During the 11th Century, marriage evolved to be less about casual trade relationships and more about political advantage. This is when arranged marriages between both royals and commoners alike became a thing (think Mary Queen of Scots). During this time, in 1140 to be exact, the Benedictine monk Gratian created his canon law textbook, Decretum Gratian. This required the consent and consummation of the couple to make a marriage “official” (something that wasn’t needed prior). Then in 1563, the Council of Trent deemed marriage to be one of the seven sacraments. While arranged marriages for political gain were still common, this was the start of modern marriages (which for the most part, is still the same to this day—minus things like photo booths and bridal party flash dance mobs). The only problem was that everyone couldn’t yet marry the person they loved.
Thankfully, in 1967, interracial marriage became fully legal in all U.S. states during the Supreme Court decision, Loving v. Virginia. Then, in 2015, the landmark case of Obergefell v. Hodges resulted in a U.S. Supreme Court ruling that made gay marriage legal throughout all of America. While there’s still plenty of work to be done across the globe in regards to marriage equality, each new step forward is a win on the journey to legal love for all.
So, where do marriage vows come into the history of weddings? It was just around the time when marriage was deemed an official sacrament of the Catholic church that the well-known vows became a part of the marriage ritual. In fact, most couples who have traditional Christian wedding ceremonies recite some components of the famous vows first written in Thomas Cranmer’s The Book of Common Prayer.
While the first copy was written in 1549, a final revision was made by Jame 1 in 1662. That’s the version still used by the Church of England today. While you might think there’s no way anything said in a ceremony from the 1500s would still ring true today, you might be surprised. “The guts of the marriage service are there in 1549," Reverend Duncan Dormor of St John's College at the University of Cambridge told BBC News. "All the things that you think of, 'to have and to hold, from this day forward, for better, for worse, for richer, for poorer,' all of that stuff comes from that point."
While The Book of Common Prayer was first introduced in 1549, the sentiments were from long before Cranmer’s historical work. Much of the modern wedding ceremony as written by Cranmer actually came from various Catholic medieval rites such as the Sarum ritual—a process followed for celebrating any kind of Christian public worship. The problem, however, is that the entire sermon—other than the actual vows—was in Latin.
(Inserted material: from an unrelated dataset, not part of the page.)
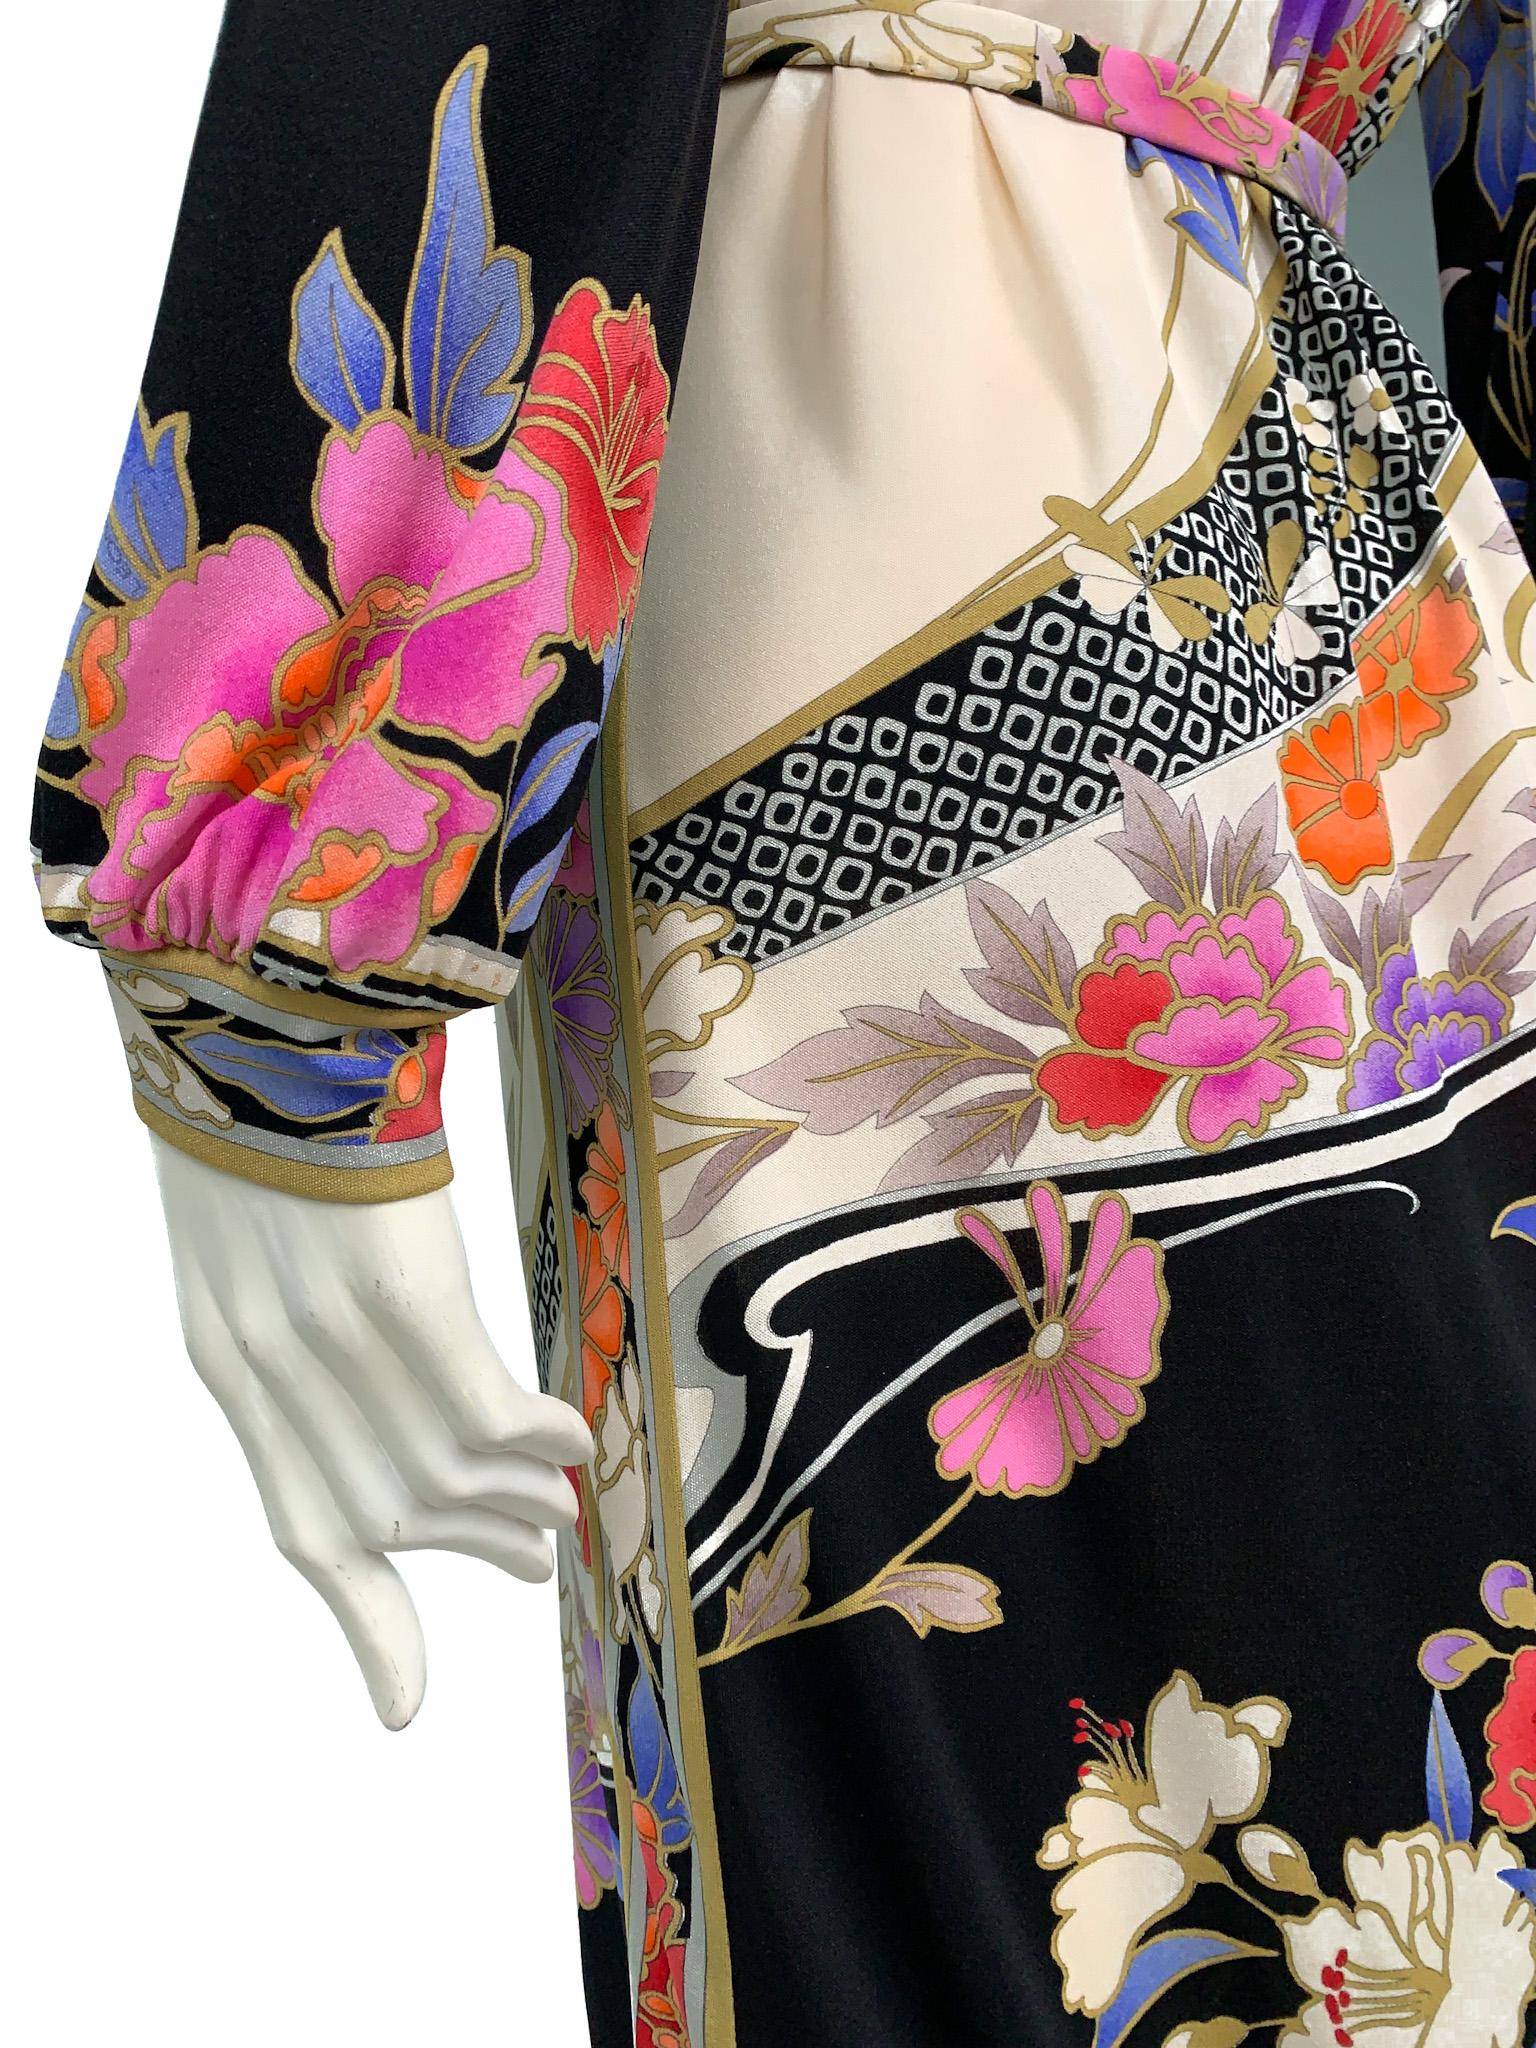 Leonard Paris printed dress in 100% mikado silk jersey. 5

Cranmer made the ritual more accessible, changing the way we celebrate weddings today. "What makes the 1549 service significant is that it is the introduction of a Protestant service in English, and it's basically the words that we all know with a couple of small tweaks," Dormor said.
It was the vows from the Sarum rite of medieval England, which were then utilized in the Book of Common Prayer that became the traditional vows many Catholics and Christians—as well as non-denominational couples—still utter with very few changes, like the “death do us part” portion. (In the 1594 version, it was published as "till death us depart," but has since changed phrasing while still keeping the sentiment alive.) Here’s a look at how similar modern vows are to those of the past.
From the Book of Common Prayer, by Thomas Cranmer:
"I, _, take thee, _, to be my wedded Husband, to have and to hold from this day forward, for better for worse, for richer for poorer, in sickness and in health, to love, cherish, and to obey, till death us depart, according to God's holy ordinance."
The “obey” portion was only used by women, while the men just promised to cherish their wives. Other than that and the final wording of being parted by death, the passage has remained very intact. While there are several variations, today’s standard version goes like this:
"To have and to hold, from this day forward, for better, for worse, for richer, for poorer, in sickness and in health, until death do us part.”
Whether you choose to recite traditional vows, omit them from your wedding, write your own, or celebrate your ceremony in your own way with unique wedding vows, as long as the day is about the love you share, it will stand the test of time.